# High Nitrates



## Lilypad (Oct 15, 2014)

Hello,

I have a 3 gallon planted tank that has been cycled for about 6 months now. Last friday, I did a 50% water change even though my test kit showed everything was good. Napoleon is healing from some fin biting, so I've been doing many water changes. I left for the weekend (fish is at the office.)

When I came in this morning, I noticed some brown diatoms growing on my java moss, which I haven't had since when I was first cycling my tank. So I decided to run a test. 

Nitrates is at 40 ppm :shock: Not a number I've seen for a long time.

Ammonia and nitrites are reading at 0. 

I added a couple of new plants last week, and one of the anubias has a bit of rot on one of the leaves, could this be the cause?

I dosed with Seachem Prime and will be doing a water change this afternoon. Should I change more than 50%?

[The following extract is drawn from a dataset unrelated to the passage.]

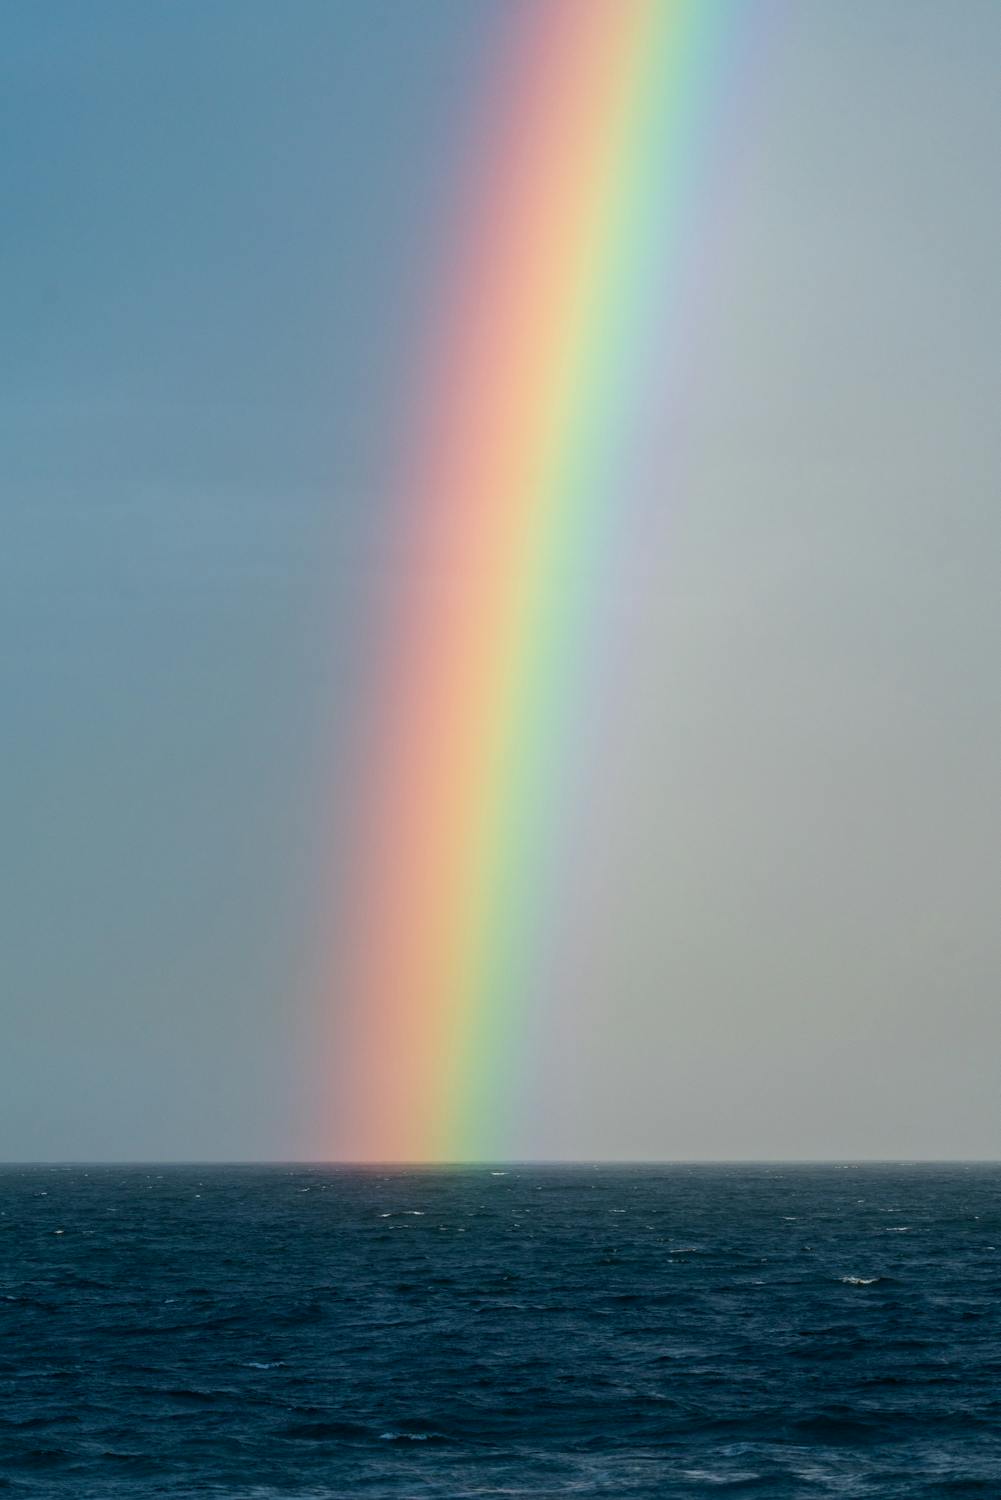 Sky with rainbow over rippling blue ocean · Free Stock Photo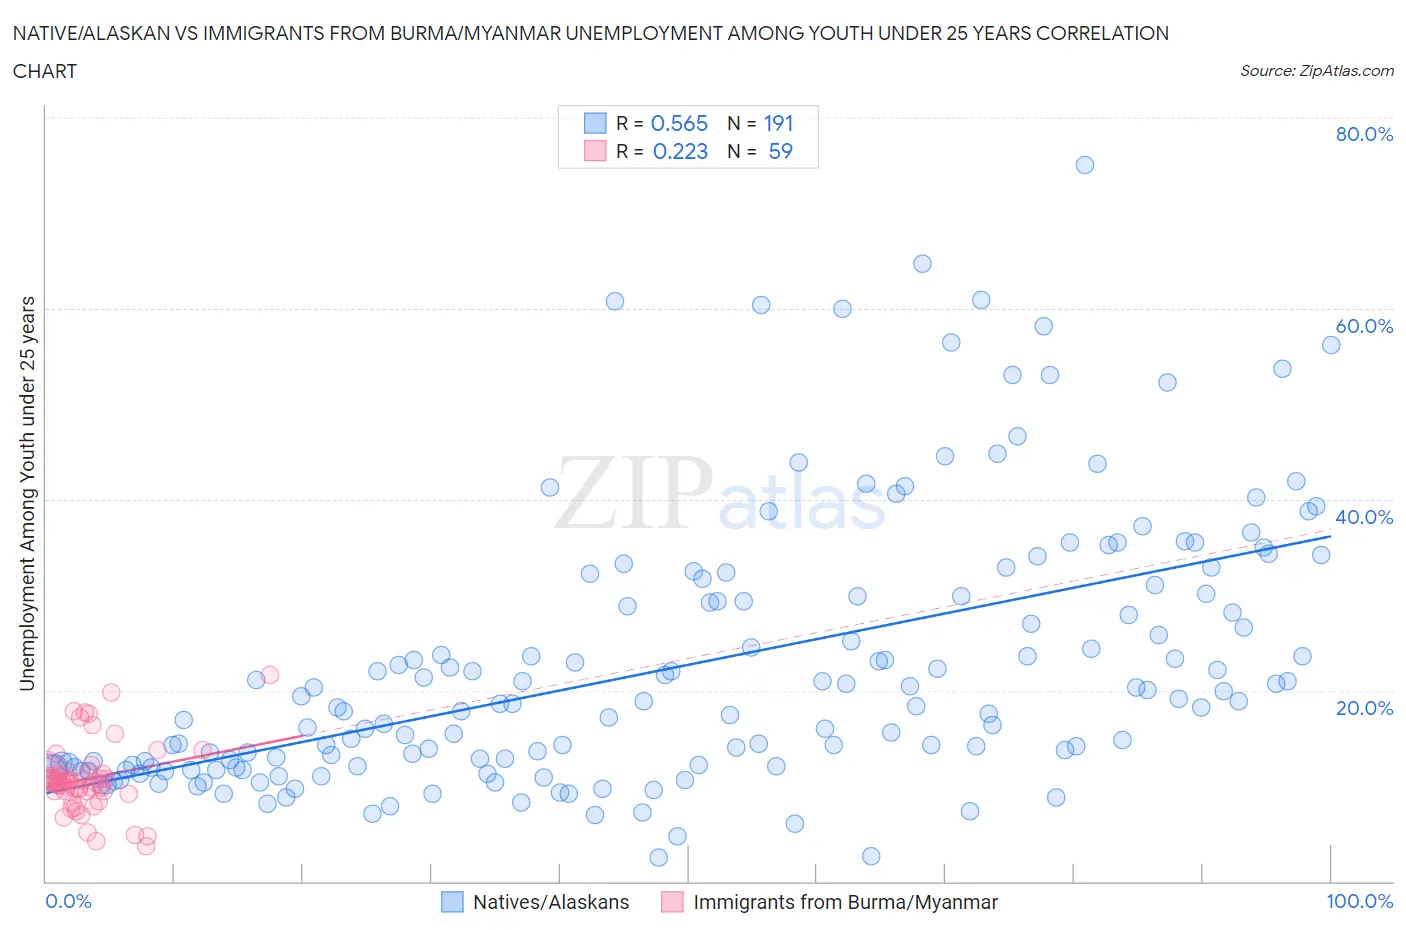 Native/Alaskan vs Immigrants from Burma/Myanmar Unemployment Among Youth under 25 years

3 gallon tank, filtered, heated, 2 air stones, with many plants - 2 anubias, java moss, marimo, ludwigia, duckweed, salvinia and crypts. Dose 5 x's a week with seachem flourish excel.

EDIT - Changed the picture, I realized with the glare you can barely see the tank in the last one


----------



## Romad (Jun 28, 2009)

Have you tested the nitrAte in your source water? I have well water and mine fluctuates all the time so I always have nitrAte in my tap water


----------



## Lilypad (Oct 15, 2014)

Romad said:


> Have you tested the nitrAte in your source water? I have well water and mine fluctuates all the time so I always have nitrAte in my tap water


No, I didn't, the last two water changes, I used a different source than I normally do. 

Just tested it, from the bottle it was stored in, almost 80ppm!!! Going back to my regular source!

I use bottled "drinking water" that I treat with seachem prime. A different brand was on sale, so I used that last week. My well water is high in phosphates and was contributing to a cyano outbreak, so I had to switch to bottled.


----------



## Aqua Aurora (Oct 4, 2013)

Remove dead/yellowing/damaged leaves of plants, the plant cannot repair them and they'll simply break down over time (generating ammonia which in a cycled tanks means higher nitrates). 
Have you done a nitrate test on your water source (tap)? My tap has 10-20ppm nitrate reading when tested. 
Do people have access to the tank/fish food? someone may have "helped" feed and over fed leaving food to break down and raise nitrates. Consider making a polite sign "Please do not feed the fish." or similar if you suspect this is possible.
New plants could be the source of diatoms unless you bleach dipped the before they went in the tank. I've read on another forum a heated argument about diatoms source last year.. some said because of silica in sand substrates, some argued from the tap.


----------



## Lilypad (Oct 15, 2014)

Thank you both for your advice. Aurora, I did test the water that I used last week...we posted at similar times so it must not have popped up for you yet  

I will get the dying leaf out of there. I did a 10% bleach dip on the new plants, and then rinsed them in dechlorinated water. I have sand substrate, but have not seen brown diatoms since very early in the cycle. No one has access to my tank or food except me, it's a private office. 

On my lunch break, I bought the water that I used prior to last week and will do a 75% change today.


----------